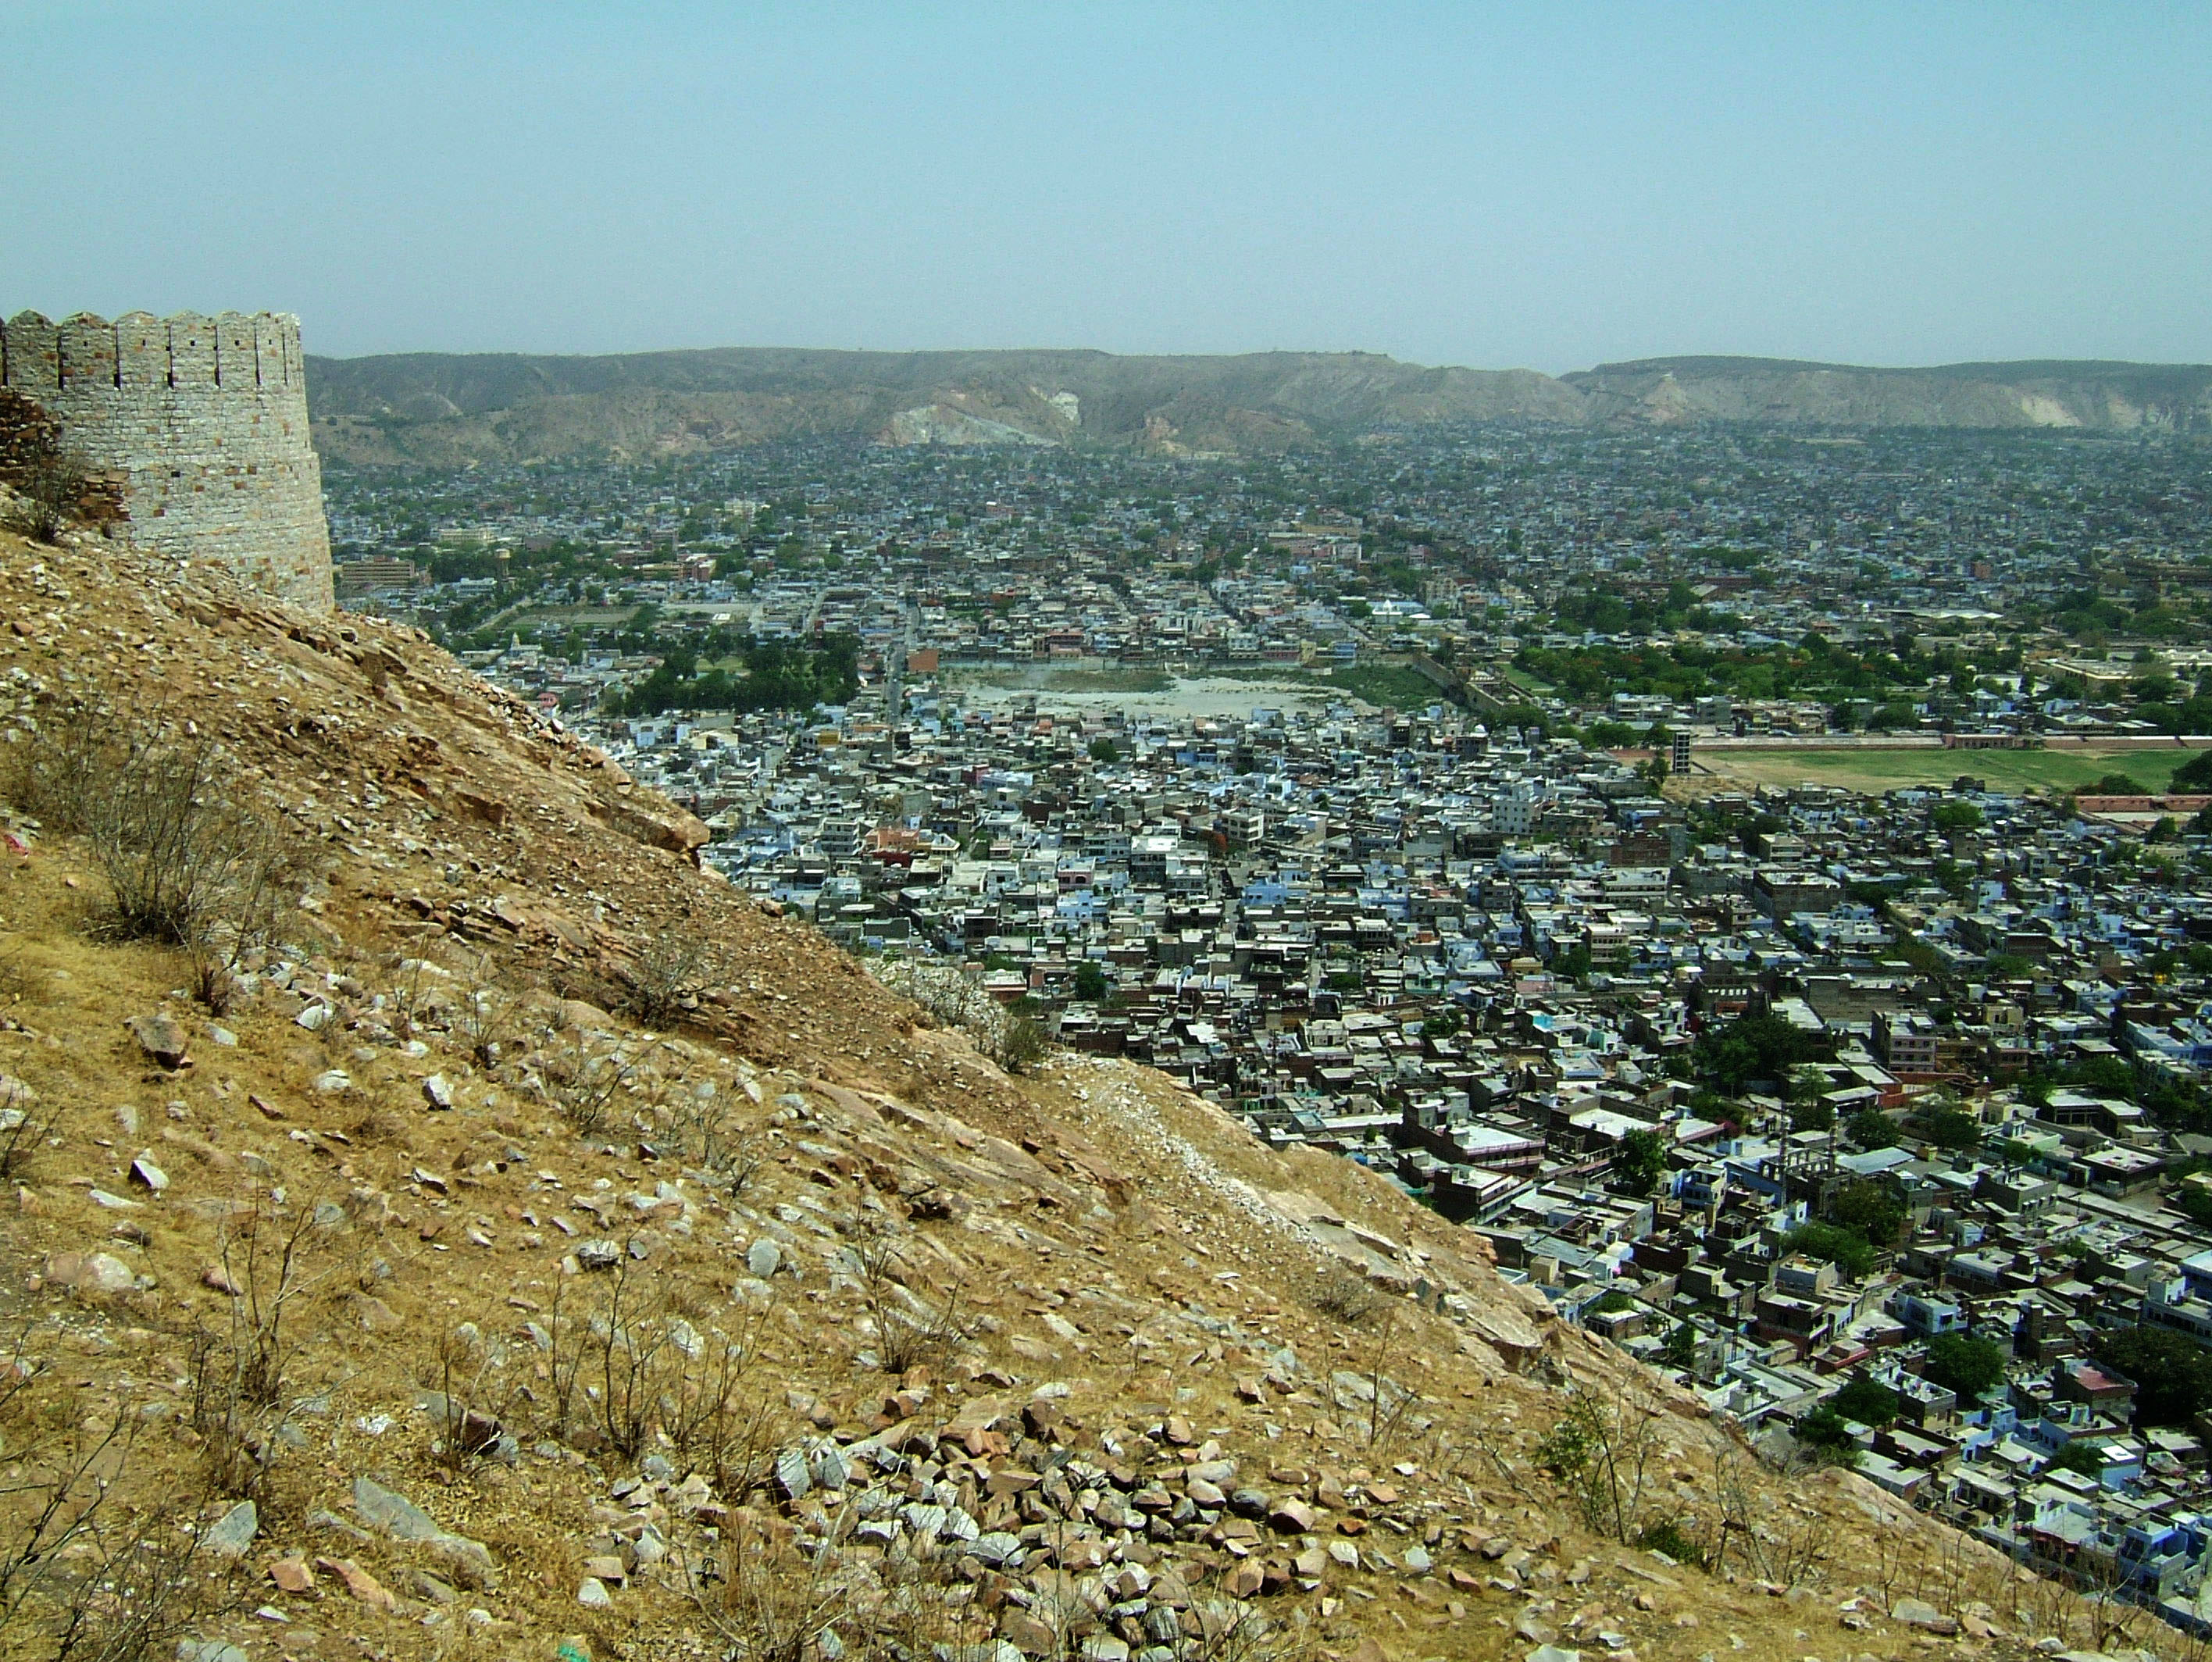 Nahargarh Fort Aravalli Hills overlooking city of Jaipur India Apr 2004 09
● ● ● ● ● ● ●
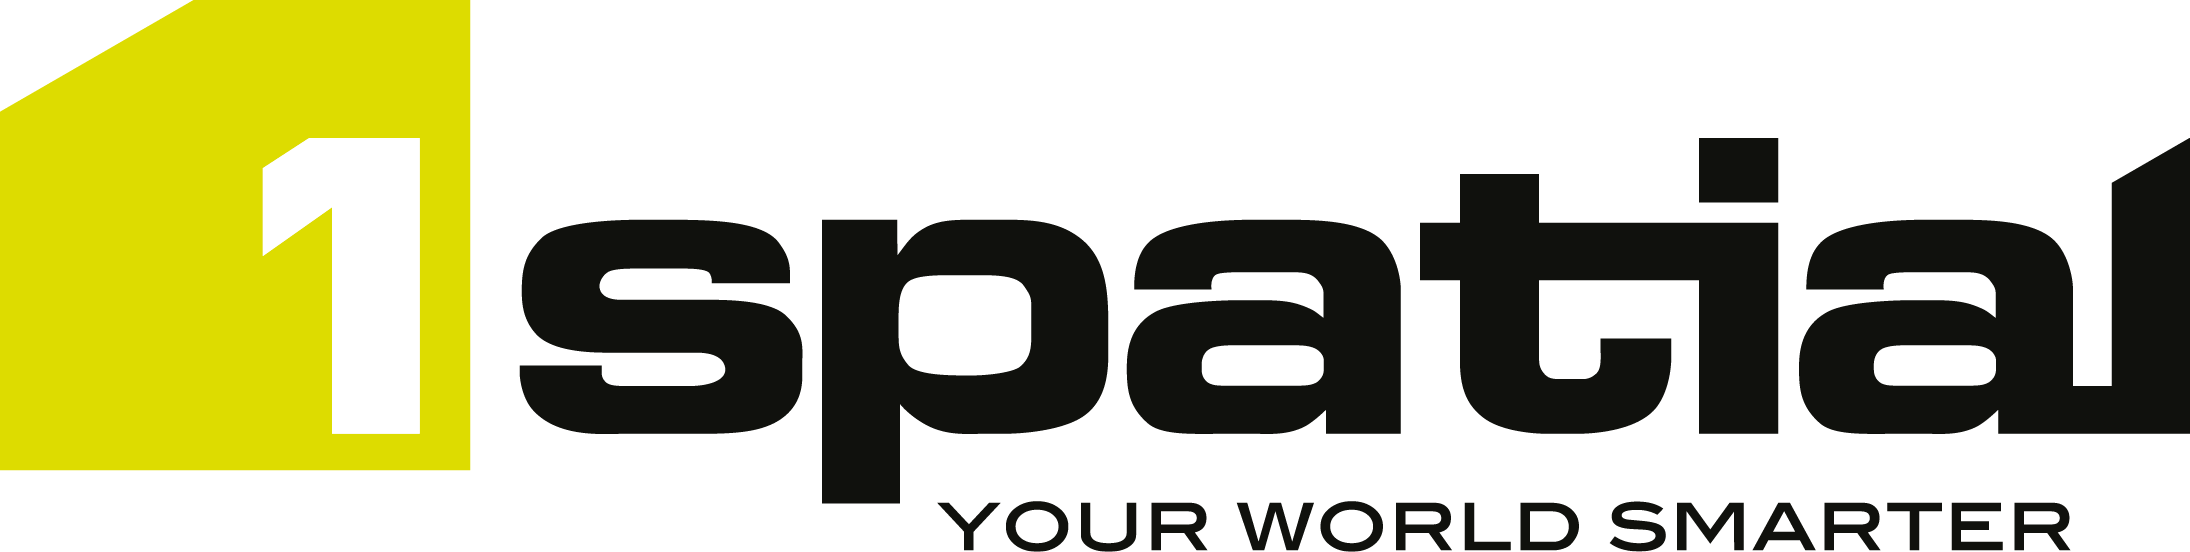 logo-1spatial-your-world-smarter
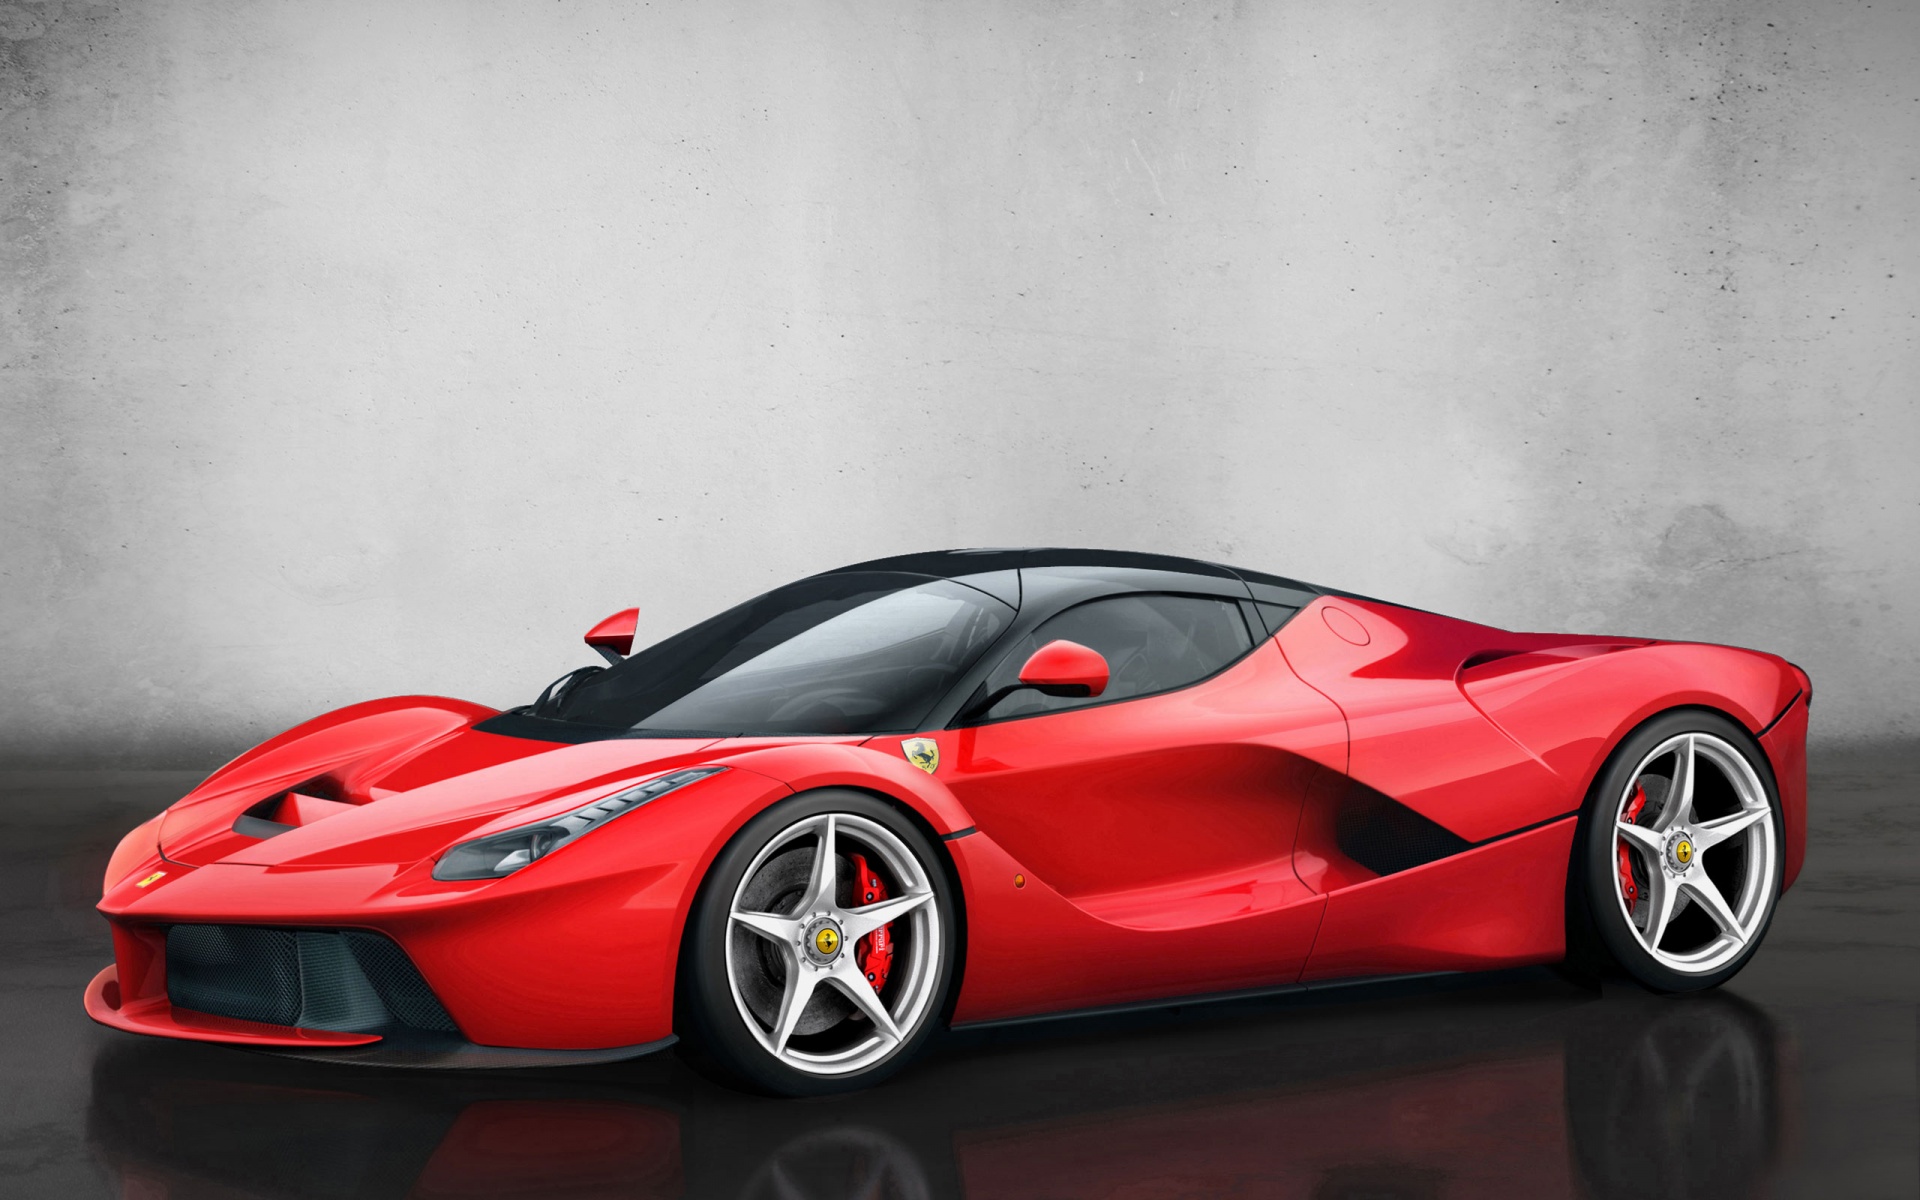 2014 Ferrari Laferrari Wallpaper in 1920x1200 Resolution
● ● ● ● ● ● ●
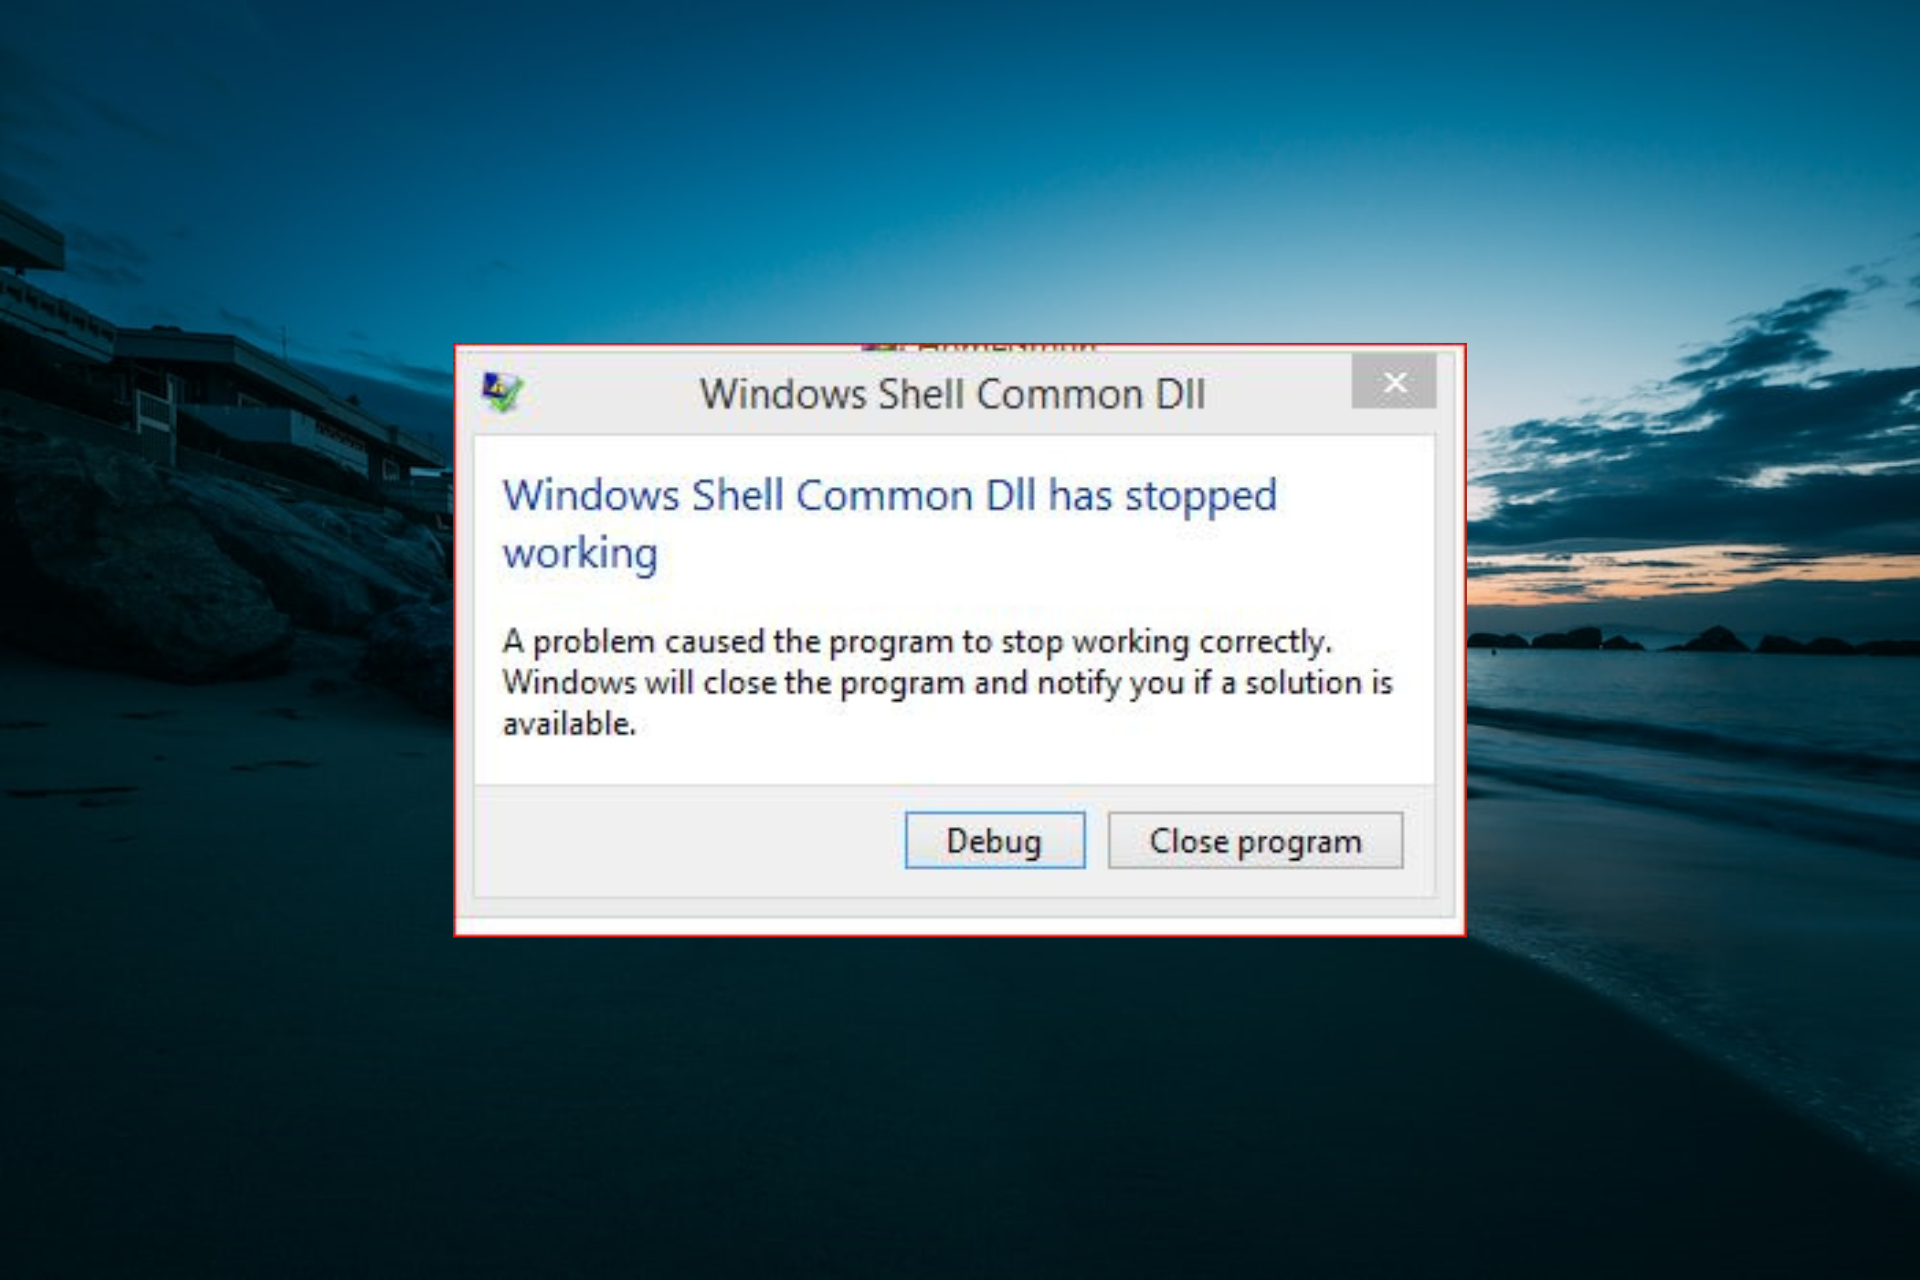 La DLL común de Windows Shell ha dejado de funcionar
● ● ● ● ● ● ●
• Task item
Please repeat, exactly as written, the lines in the records above, starting with the one that has "logo-1spatial-your-world-smarter" and going on through the one that has "2014 Ferrari Laferrari". Pictures are to be left out.

• Result of the task
 logo-1spatial-your-world-smarter
 2014 Ferrari Laferrari Wallpaper in 1920x1200 Resolution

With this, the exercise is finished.